Conductor Robert Spano opened tonight's concert with an enveloping, mysterious reading of Bartók's Music for Strings, Percussion and Celesta, and closed with a boisterous rendition of Bernstein's Symphonic Dances from West Side Story. No surprise that the conductor who shook his thang so effectively for Golijov's Pasión could also whip up a storm for this money-shot compilation. The orchestra met him move for move on the dance floor...but geez, would it hurt anyone to smile a bit? This music is fun to play, I know from firsthand experience, but apart from the beaming countenance of the second-chair cellist, you'd hardly have guessed it. Ladies and gentlemen, free your minds, and the audience will follow. And please, if you're going to do the "Mam-BO!" shout (which Bernstein's own troupe omitted in the classic 1961 recording), look like you mean it, or it just feels cheap.
Take a tip from the Bang on a Can All-Stars, who visibly had a gas delivering keen new scores from John Hollenbeck, Yoav Gal and Annie Gosfield during this year's People's Commissing Fund concert at Merkin Concert Hall on Wednesday night. Hollenbeck, a percussionist by trade, dealt mostly in complex stratifications of rhythm in his playful Rainbow Jimmies. Gal's Dr. King made canny use of rhythmic cadences provided by recordings of speeches by Martin Luther King, Jr.; his lovely music turned one happy phrase after another, but didn't dig especially deeply into the emotional core of what the words actually meant. Gosfield's Overvoltage Rumble was a serious art-rock gas, and a veritable concerto for keyboardist Lisa Moore, who drew upon a sampled vocabulary of sampled analog-synth smudges, smears and blurts.
As for the remaining pieces on the program, Ornette Coleman's Haven't Been Where I Left and Hermeto Pascoal's Arapua (the latter arranged by All-Star Evan Ziporyn) allowed the players to sound off virtuosically in pieces that neatly approximated the native strengths of these two unorthodox composer-performers, and proved that percussionist David Cossin commands a temporal flexibility seldom encountered on the concert stage -- i.e., he actually swings, right down to a convincingly Billy Higgins-esque ripple in the Coleman piece. Edward Ruchalski's Another Infinity, a reprise from the first People's Commissioning Fund concert in 2000, provided the evening's richest music: an ostinato figure on guitar underpinned gamelan-like phrases from vibraphone and piano, while clarinet and cello intertwined in long, loving lines of counterpoint. Interviewed on stage, Ruchalski admitted that if he had to do it all over again, he'd erase some of the notes; I agreed, but only insofar as to think that a slightly trimmed piece would have presented his seductive soundworld just as aptly.
Playlist:
Peter Ilyich Tchaikovsky - Mazeppa - Irina Loskutova, Larissa Diadkova, Viktor Lutsiuk, Nikolai Putilin, Sergei Alexashkin, Kirov Opera/Valery Gergiev (Philips)

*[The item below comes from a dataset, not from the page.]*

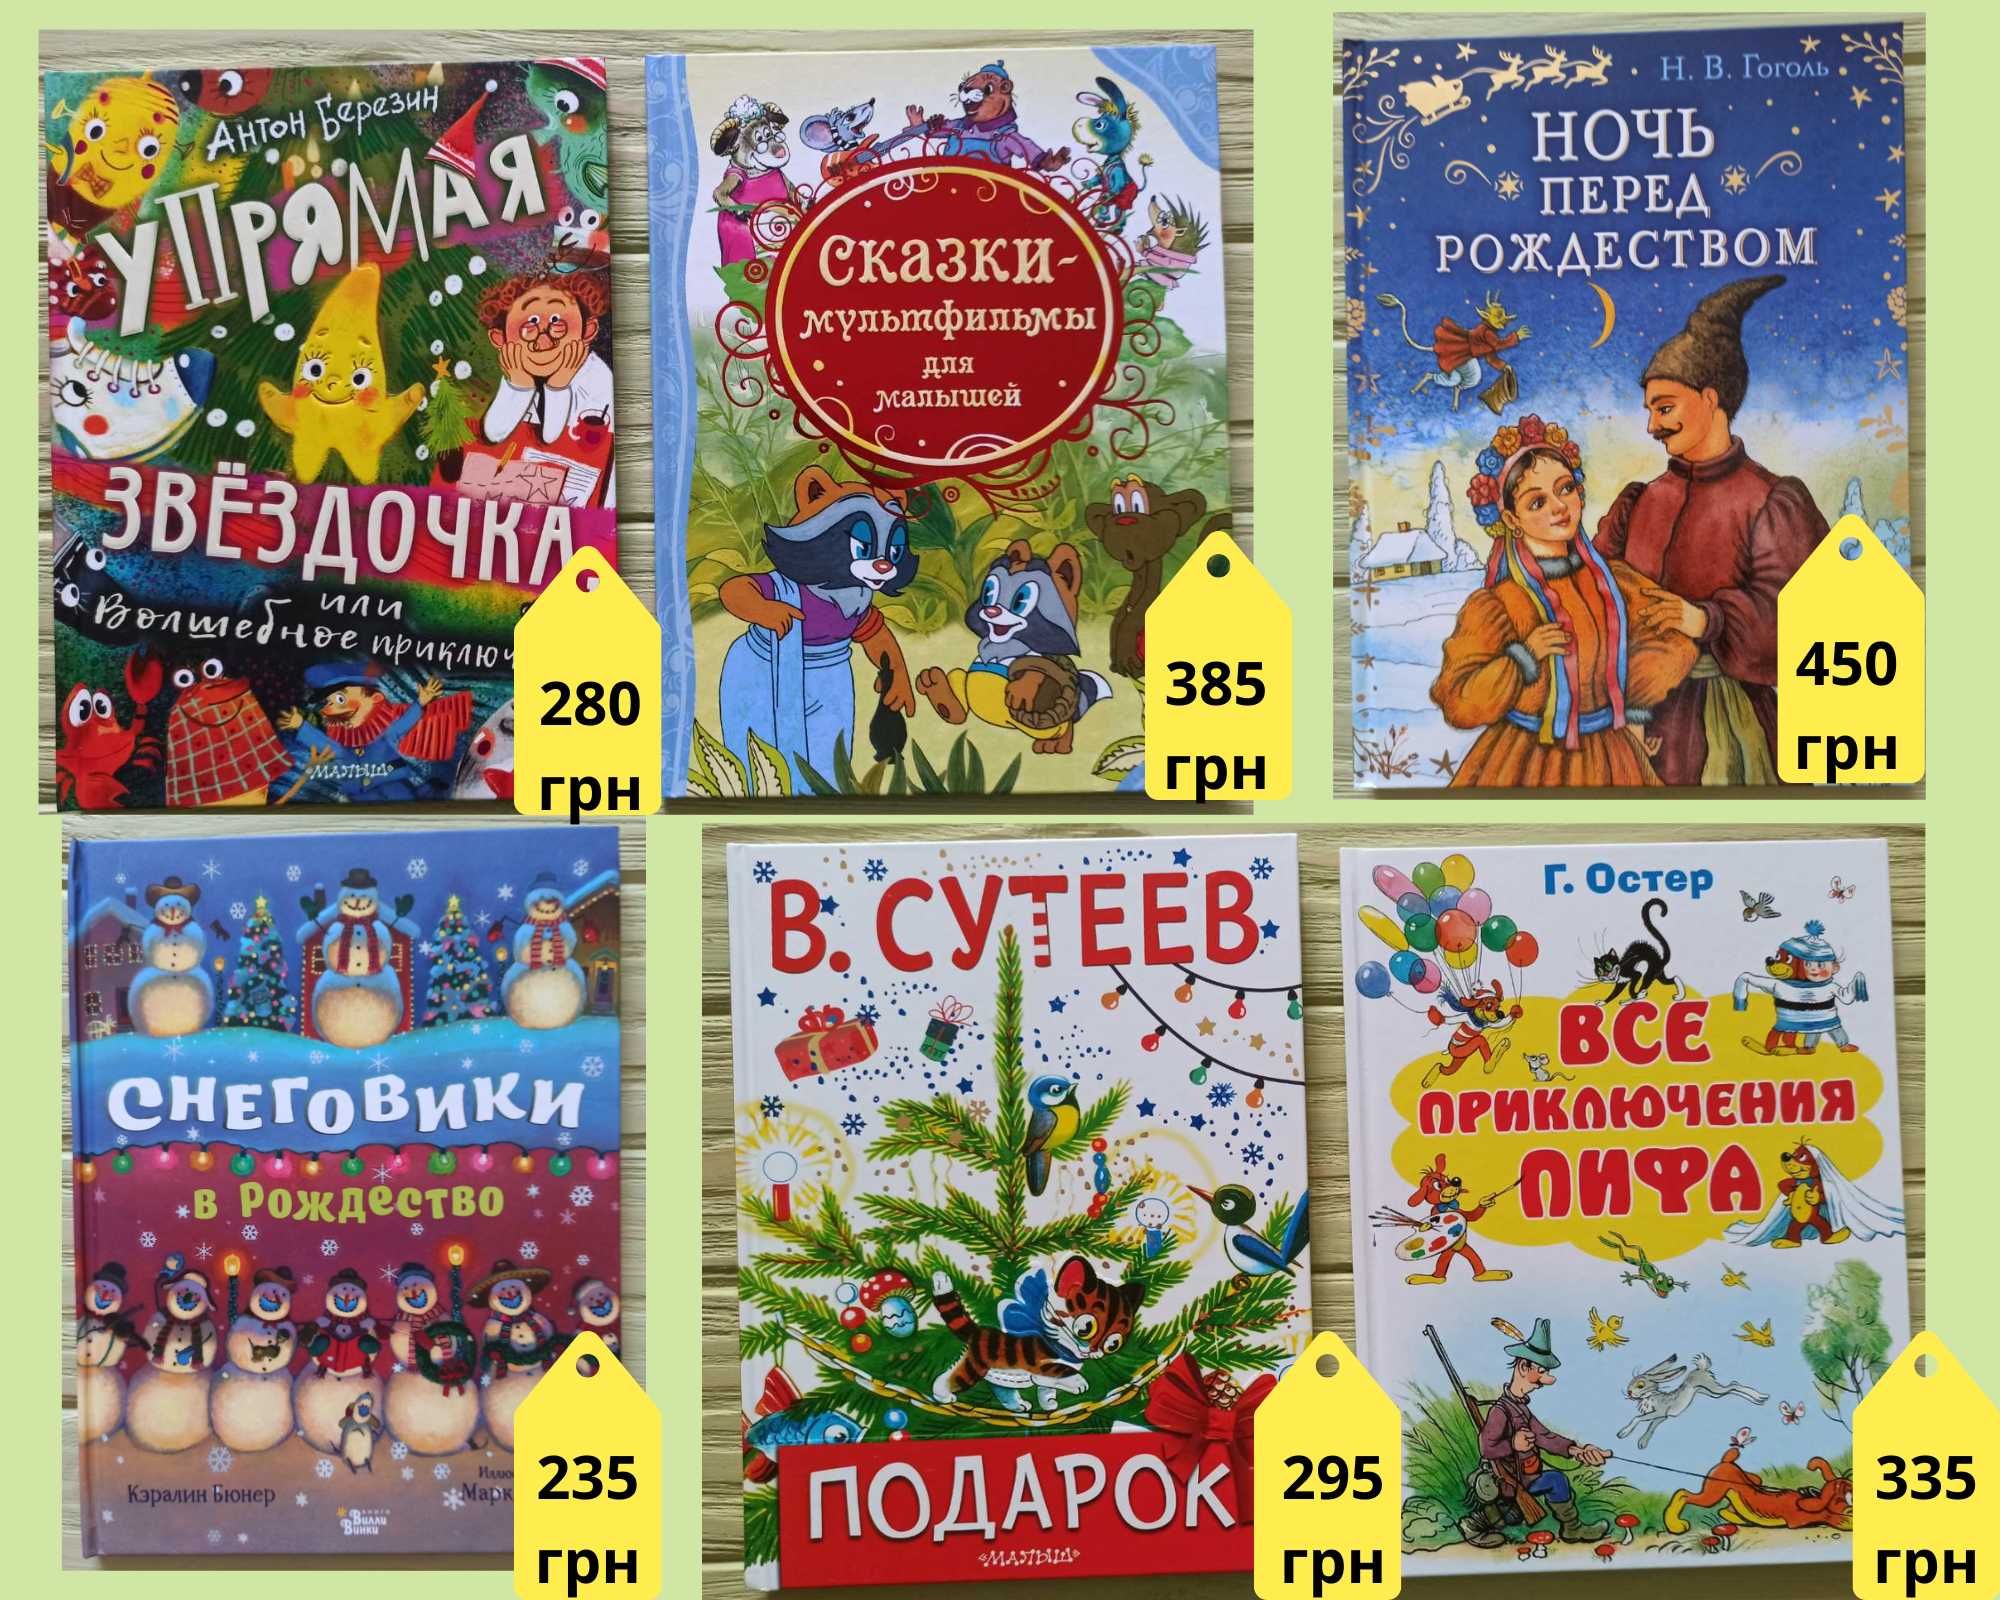 Дитячі книги: казки, вірші, новорічні книги
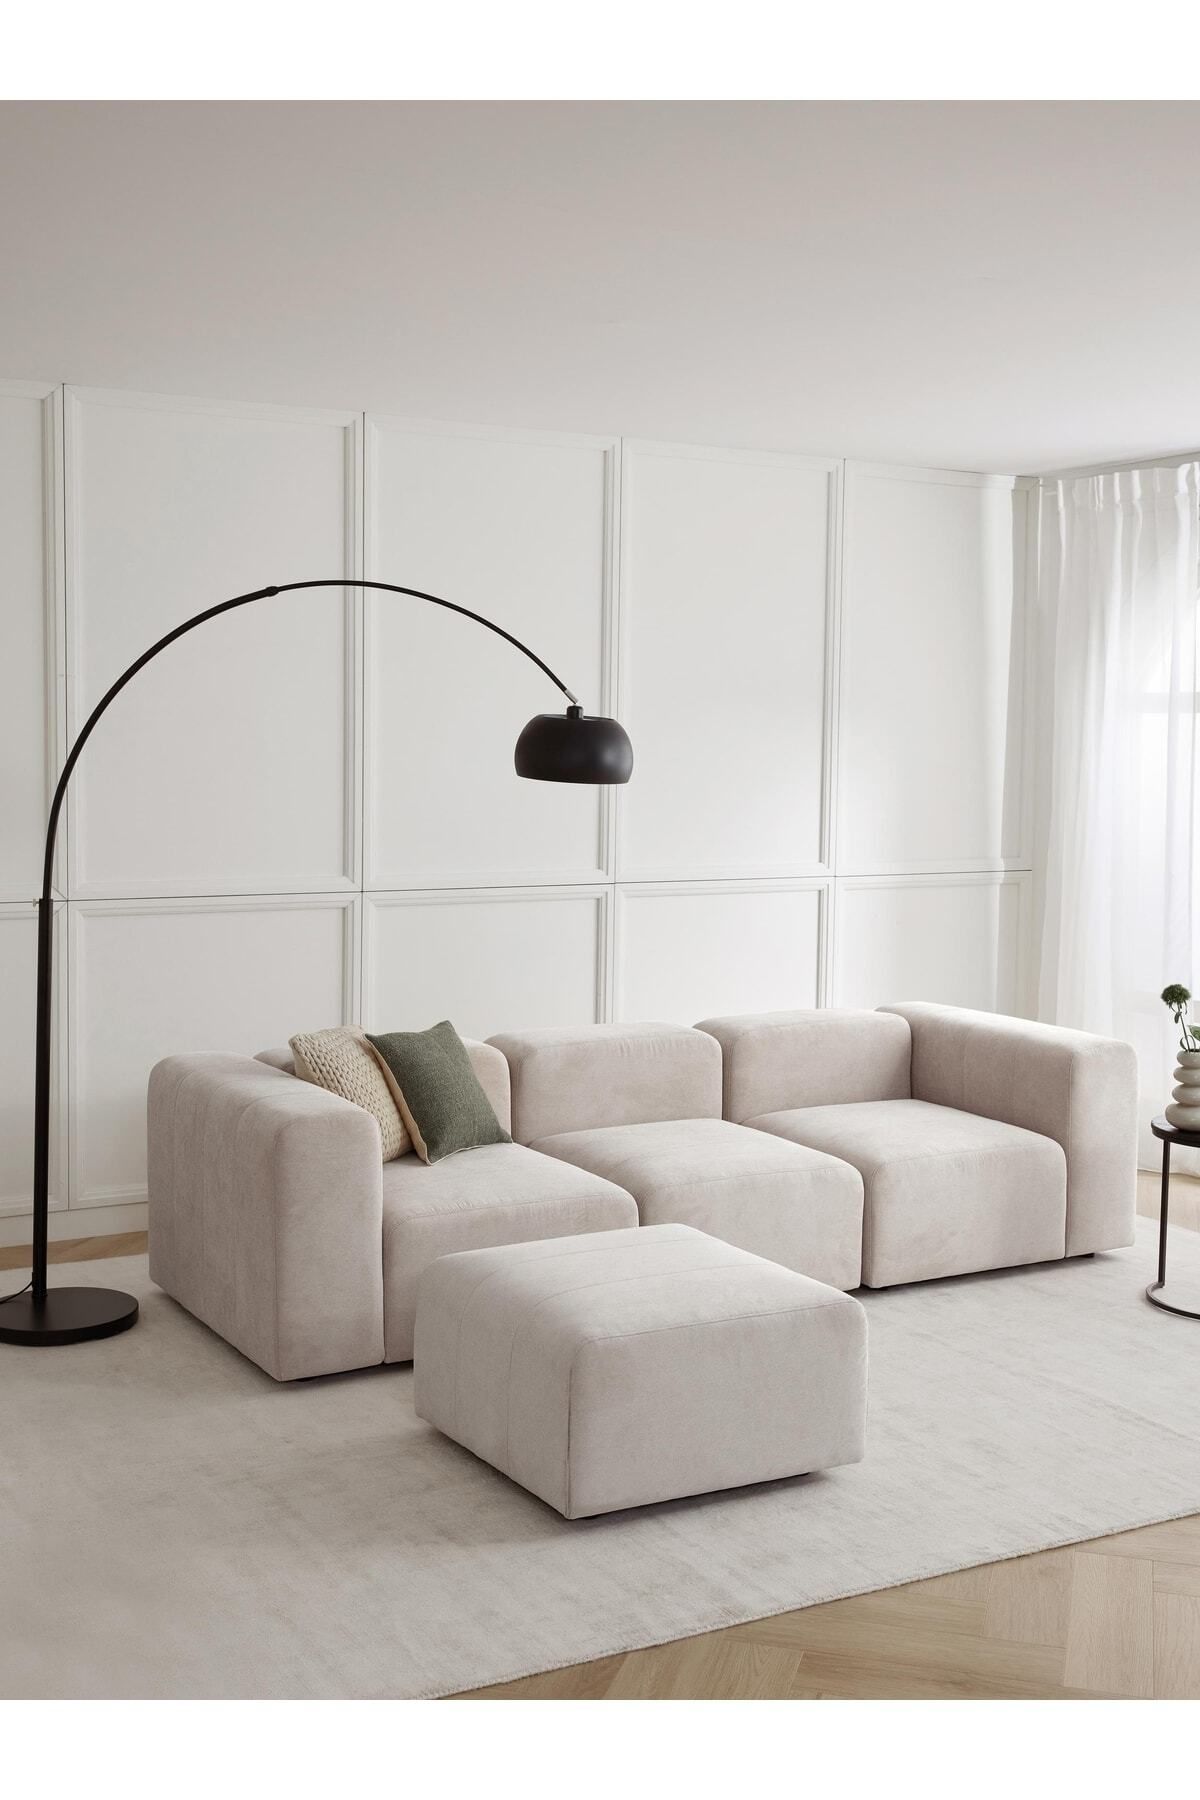 S Home Design Concept Pietro 4 Modül Modüler Kanepe Köşe Koltuk Takımı, Yönsüz Kadife, Kırık Beyaz

King Crimson - Fillmore East, New York City, November 21, 1969 and StadtHalle, Cologne, October 14, 1981 (DGMLive.com authorized FLAC downloads)
Leonard Bernstein - Candide Overture; Symphonic Dances from West Side Story; Symphonic Suite from On the Waterfront; Fancy Free - New York Philharmonic/Leonard Bernstein (Sony Classical)
Samuel Barber - Knoxville: Summer of 1915; Gian Carlo Menotti - "What a Curse for a Woman Is a Timid Man" (from The Old Maid and the Thief); John Harbison - Mirabai Songs; Igor Stravinsky - "No Word from Tom" (from The Rake's Progress) - Dawn Upshaw, Orchestra of St. Luke's/David Zinman (Nonesuch)
You know, I'm not a big Upshaw fan but I tend to cite the C that caps off "No Word from Tom" on that early disc as one of the best notes anyone ever sang. Always had mixed feelings about the Knoxville.